• _THE DATA_

%%

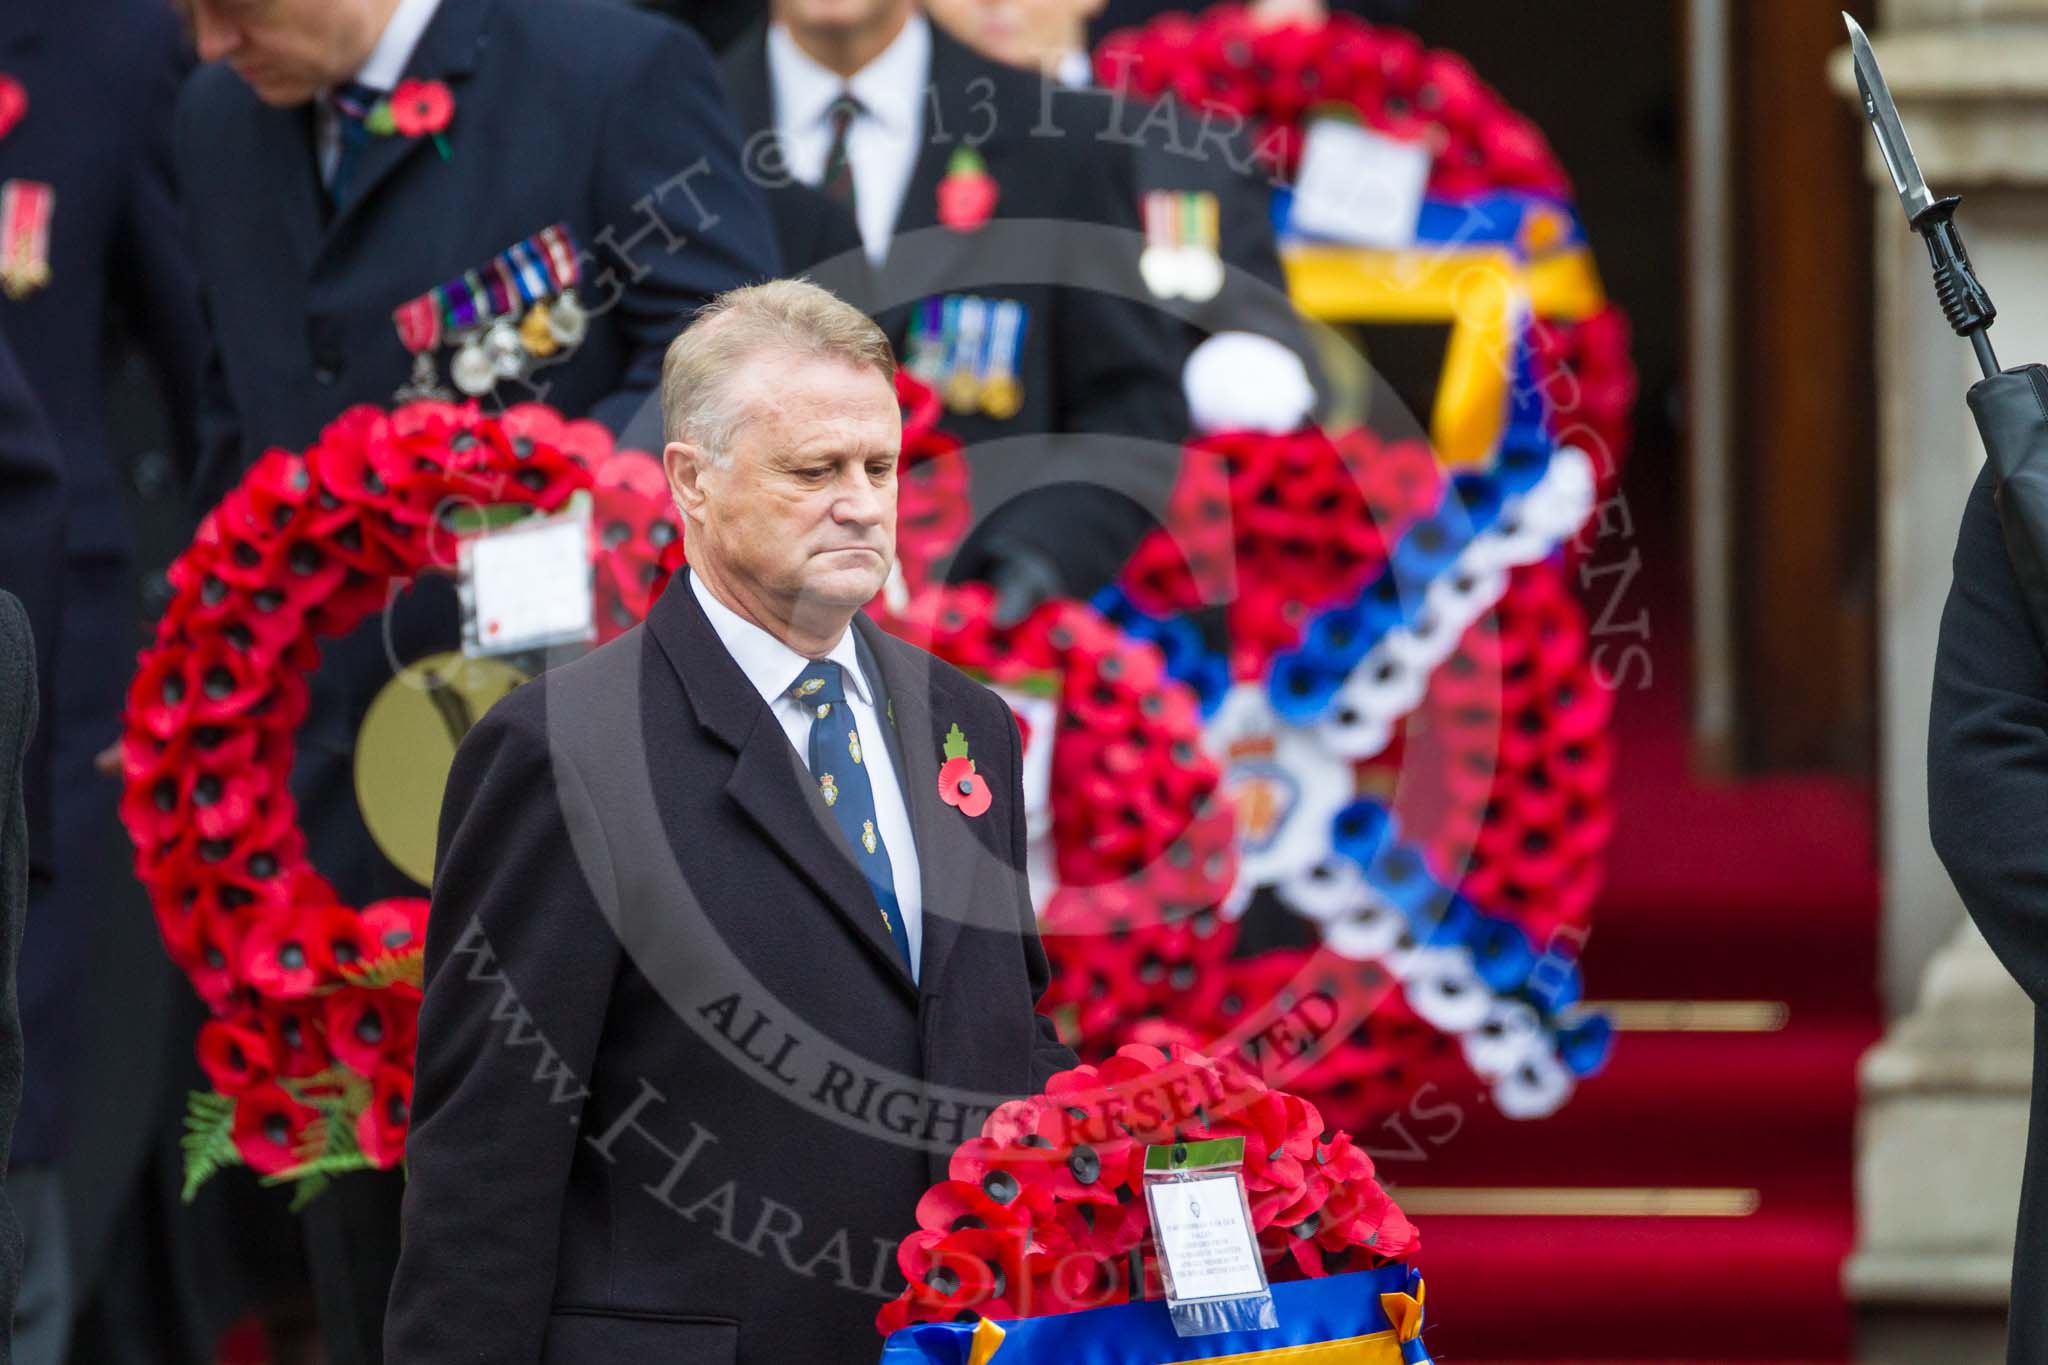 Remembrance Sunday at the Cenotaph 2015: Leading members of the Royal British Legion leaving the Foreign- and Commonwealth Office. Image #65, 08 November 2015 10:40 Whitehall, London, UK
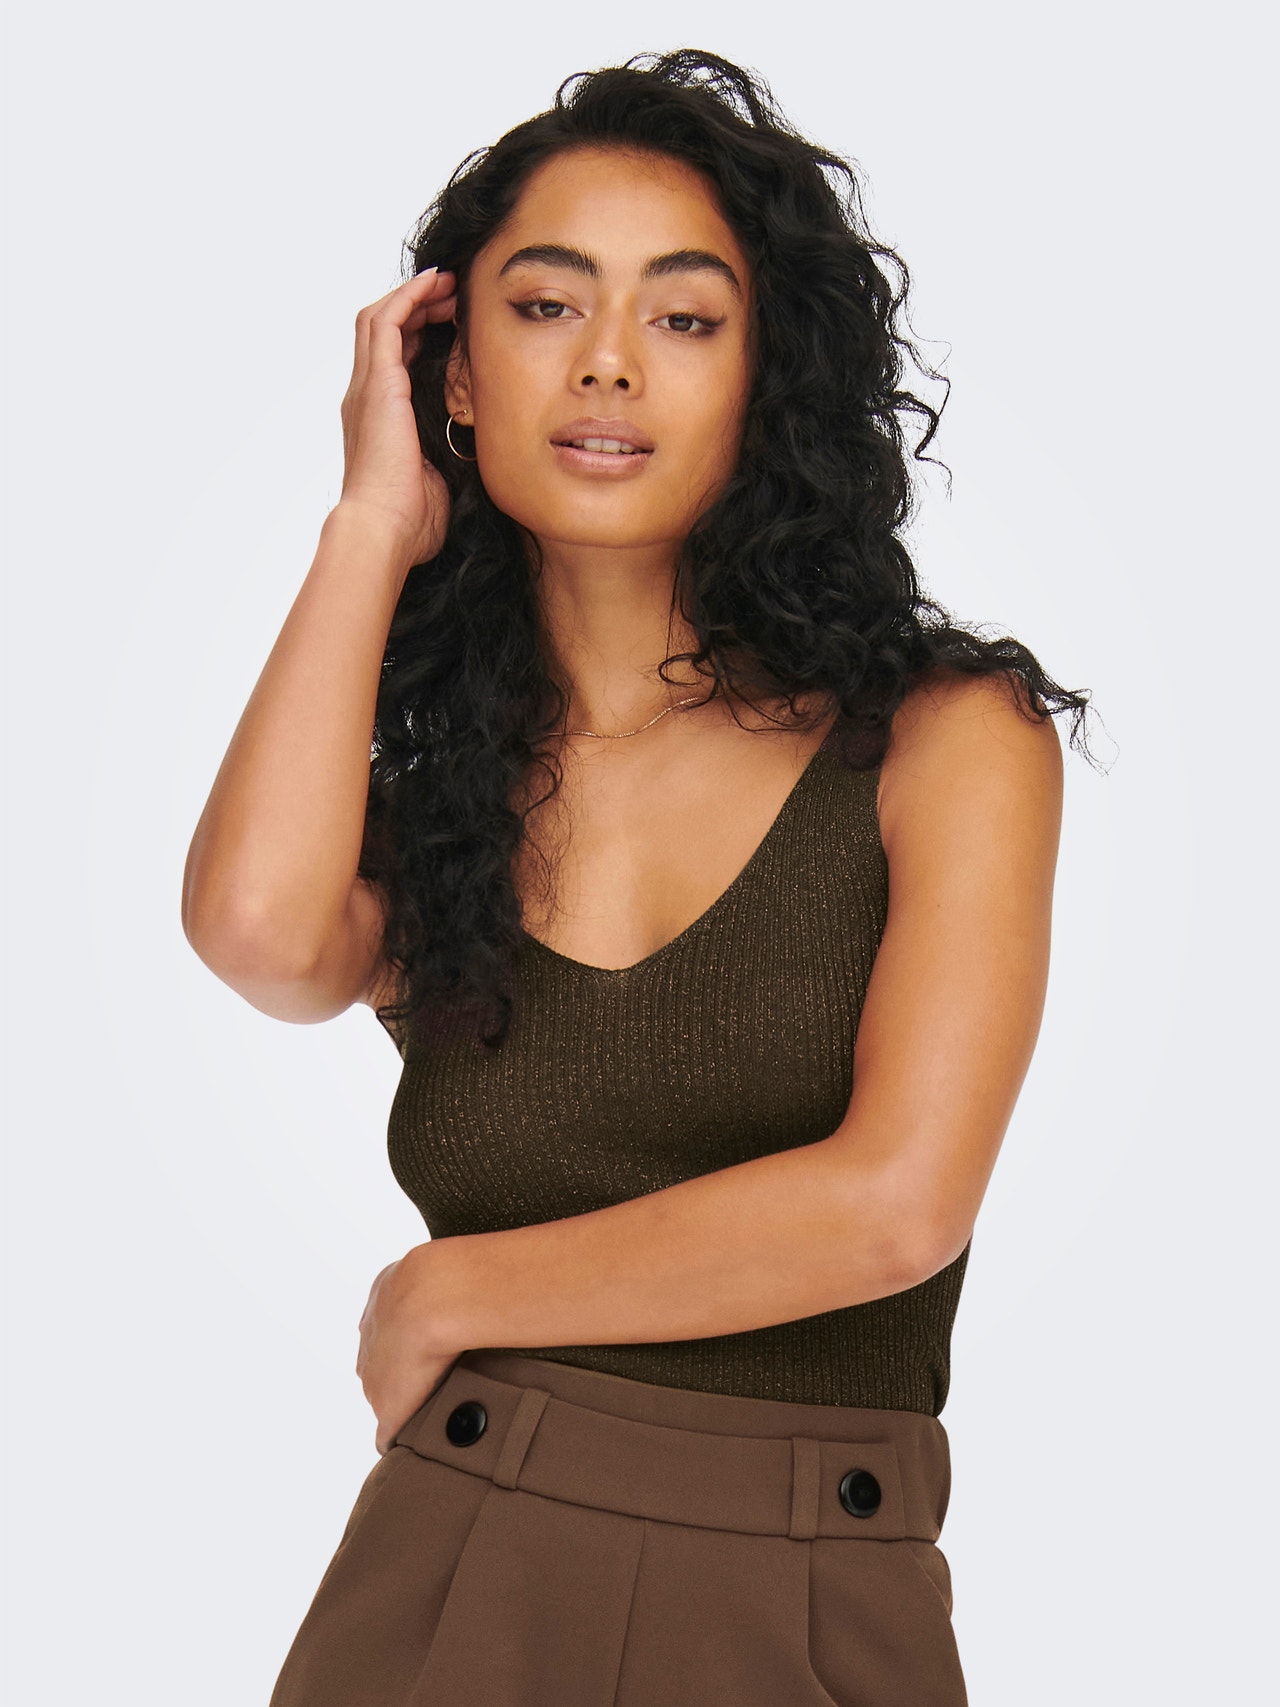 ONLY Col en V Top sans manches -Chocolate Brown - 15216492
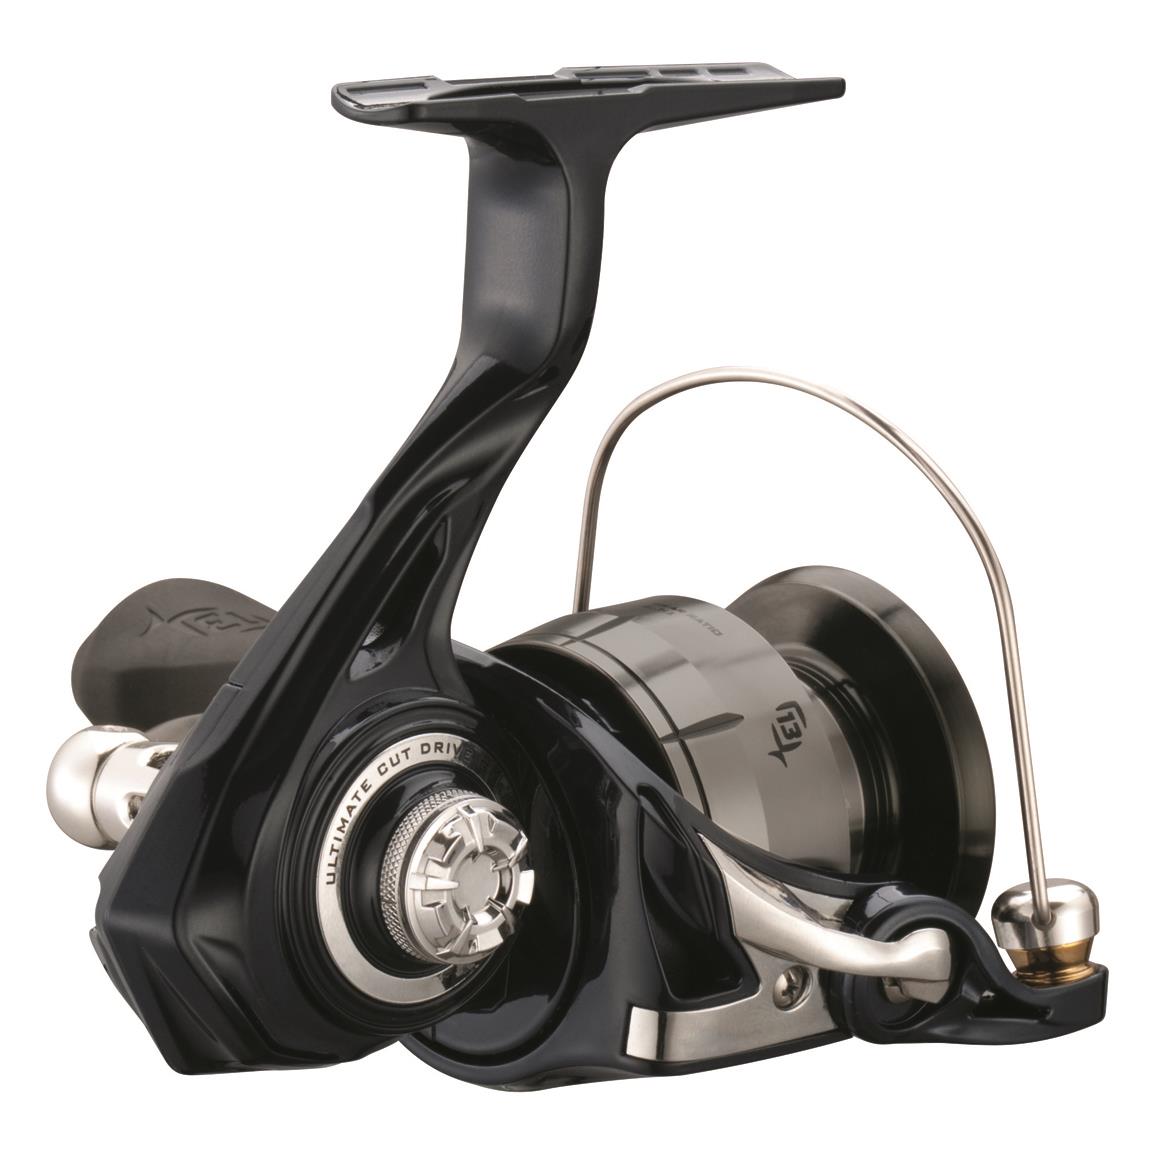 Shimano Miravel Spinning Reel, 6.2:1 Gear Ratio, 3000 Size Reel - 730467, Spinning  Reels at Sportsman's Guide

%%

• _WORK INSTRUCTION_
Leave the pictures out and output the rest of the data word for word.

• _WRITTEN SOLUTION_
 Remembrance Sunday at the Cenotaph 2015: Leading members of the Royal British Legion leaving the Foreign- and Commonwealth Office. Image #65, 08 November 2015 10:40 Whitehall, London, UK
 ONLY Col en V Top sans manches -Chocolate Brown - 15216492
 Shimano Miravel Spinning Reel, 6.2:1 Gear Ratio, 3000 Size Reel - 730467, Spinning  Reels at Sportsman's Guide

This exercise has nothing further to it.